Investigating the Influence of Virtual Human Entourage Elements on Distance Judgments in Virtual Architectural Interiors

Architectural design drawings commonly include entourage elements: accessory objects, such as people, plants, furniture, etc., that can help to provide a sense of the scale of the depicted structure and “bring the drawings to life” by illustrating typical usage scenarios. In this paper, we describe two experiments that explore the extent to which adding a photo-realistic, three-dimensional model of a familiar person as an entourage element in a virtual architectural model might help to address the classical problem of distance underestimation in these environments. In our first experiment, we found no significant differences in participants' distance perception accuracy in a semi-realistic virtual hallway model in the presence of a static or animated figure of a familiar virtual human, compared to their perception of distances in a hallway model in which no virtual human appeared.
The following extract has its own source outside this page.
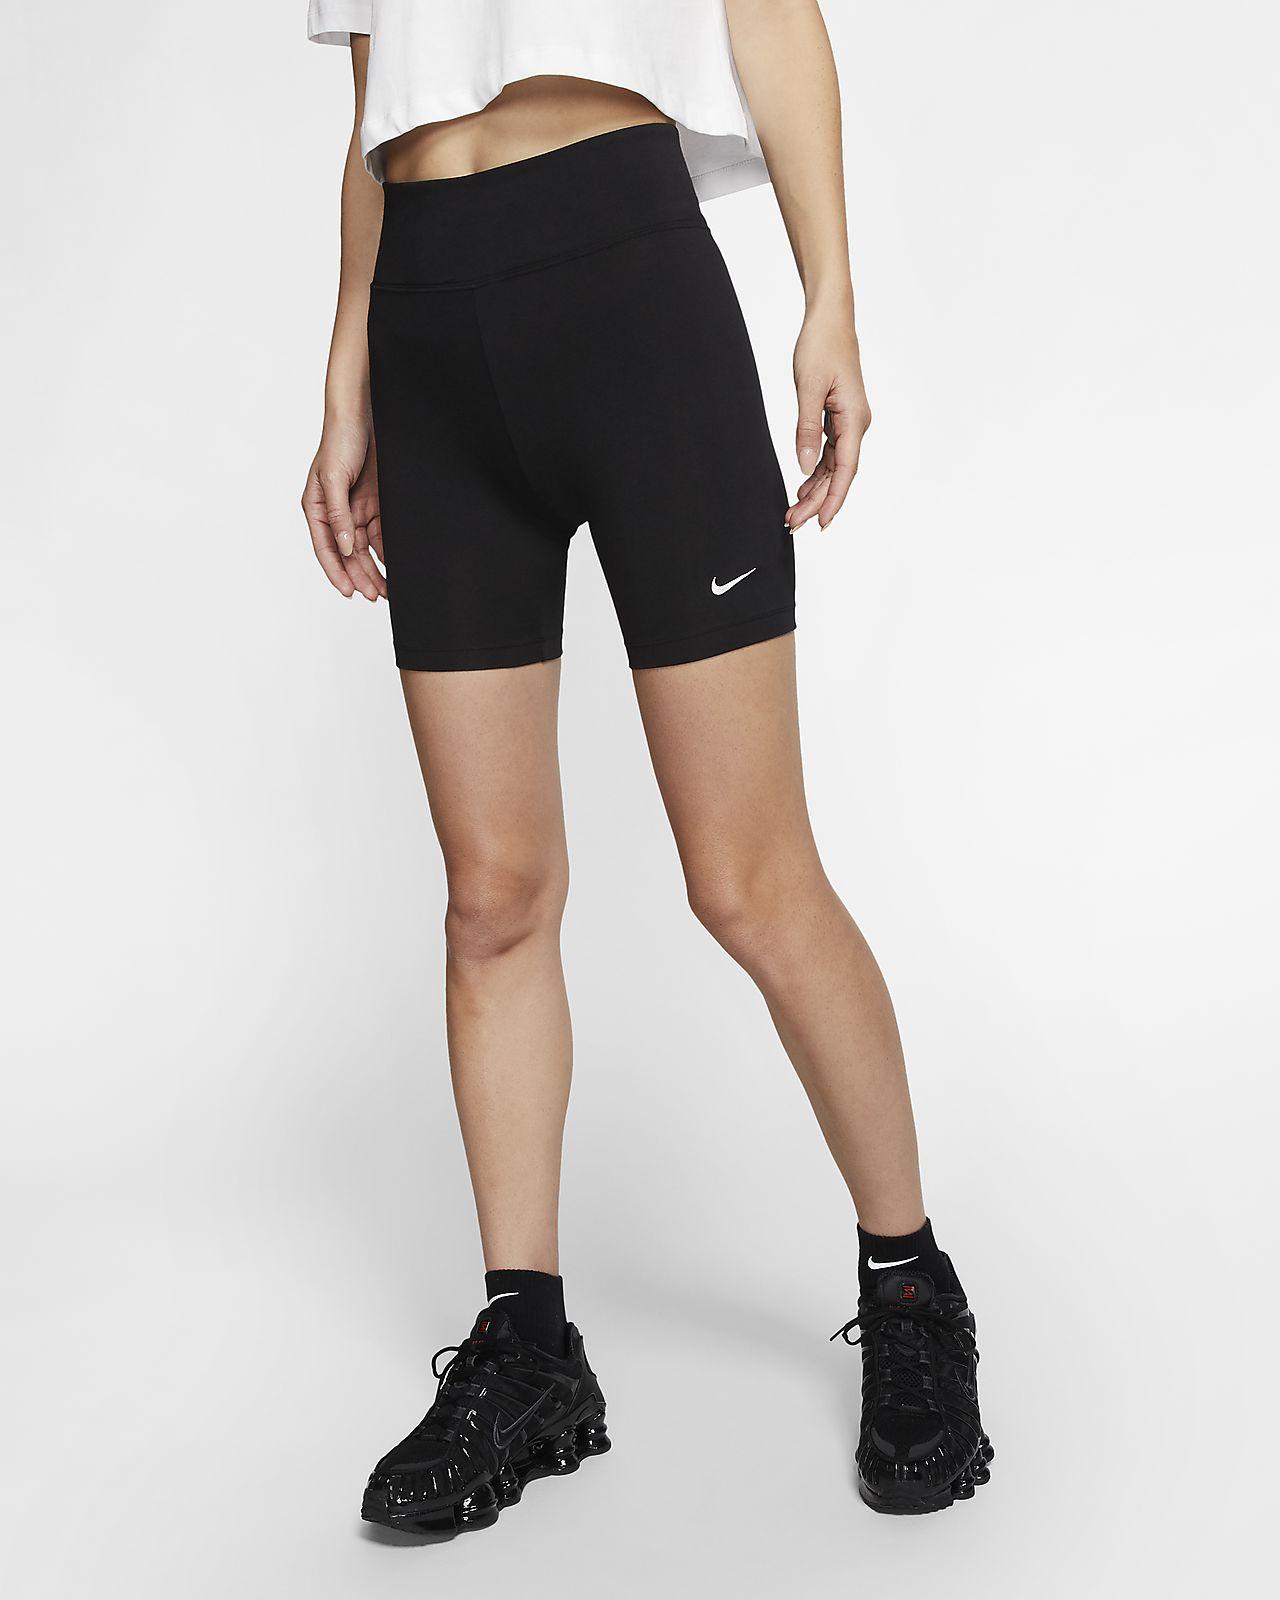 Shorts de ciclismo para mujer Nike Sportswear Leg-A-See
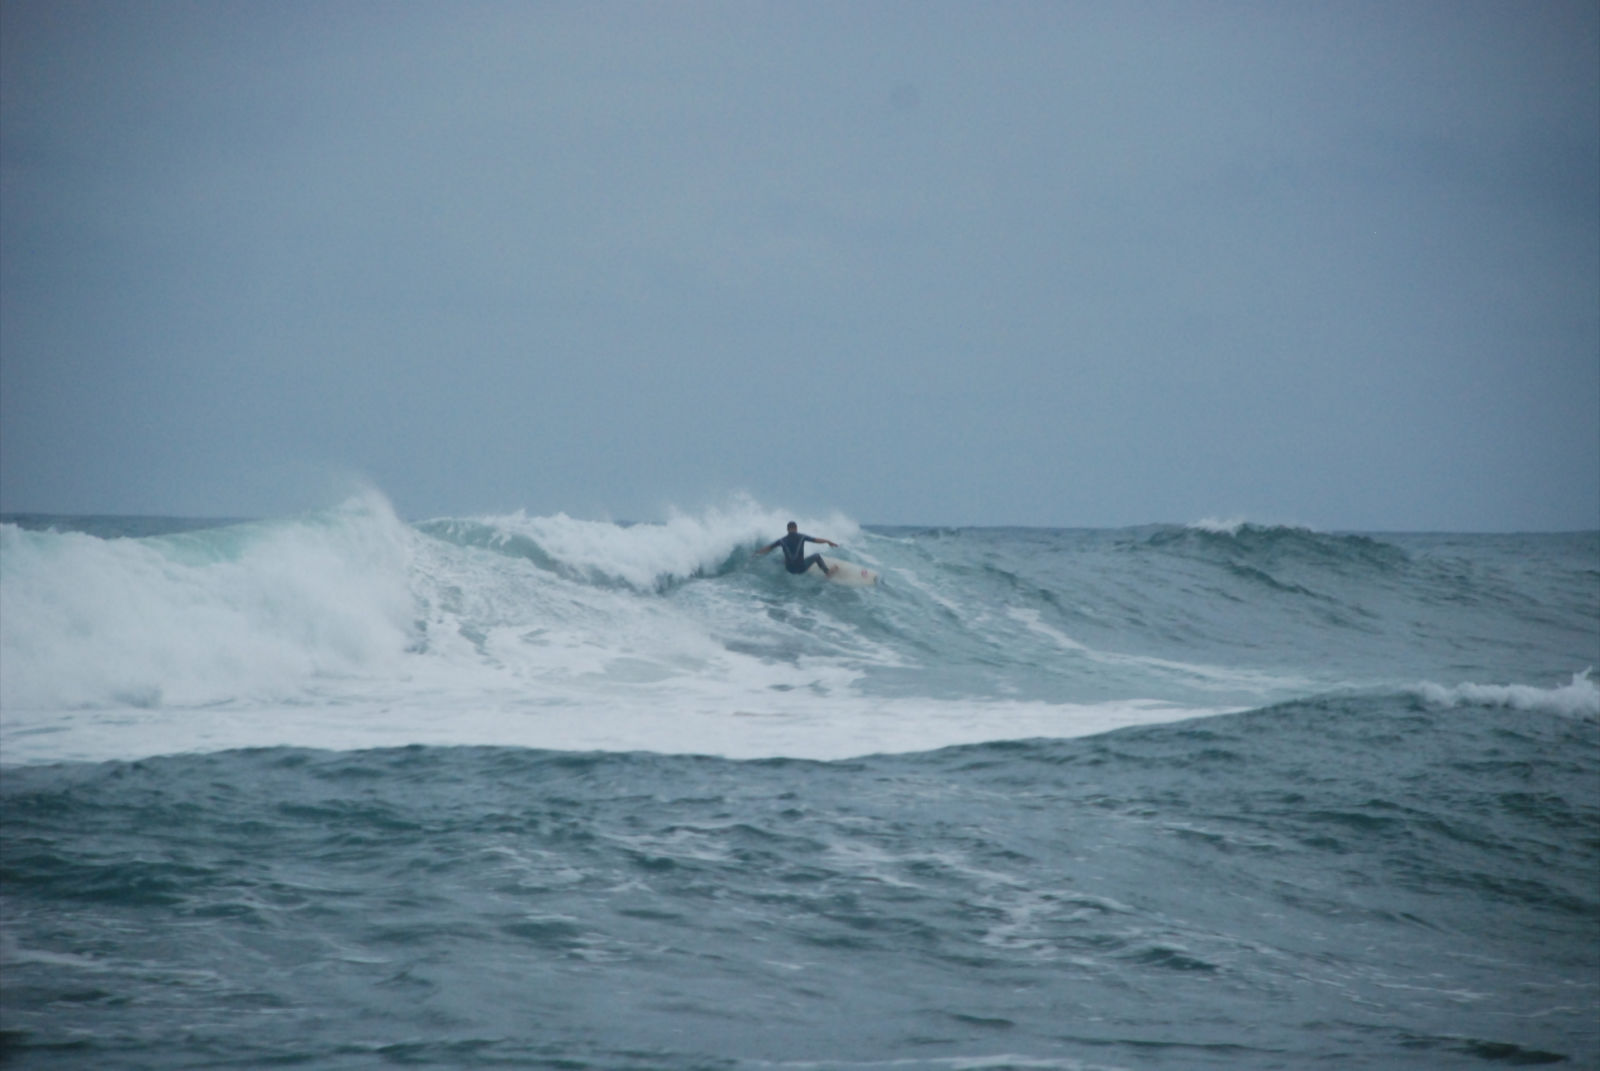 Fernando Ferrao negociando una ola complicada. Foto Juanra

In our second experiment, we found no significant differences in distance estimation accuracy in a virtual environment in the presence of a moderately larger-than-life or smaller-than-life virtual human entourage model than when a right-sized virtual human model was used. The results of these two experiments suggest that virtual human entourage has limited potential to influence peoples' sense of the scale of an indoor space, and that simply adding entourage, even including an exact-scale model of a familiar person, will not, on its own, directly evoke more accurate egocentric distance judgments in VR.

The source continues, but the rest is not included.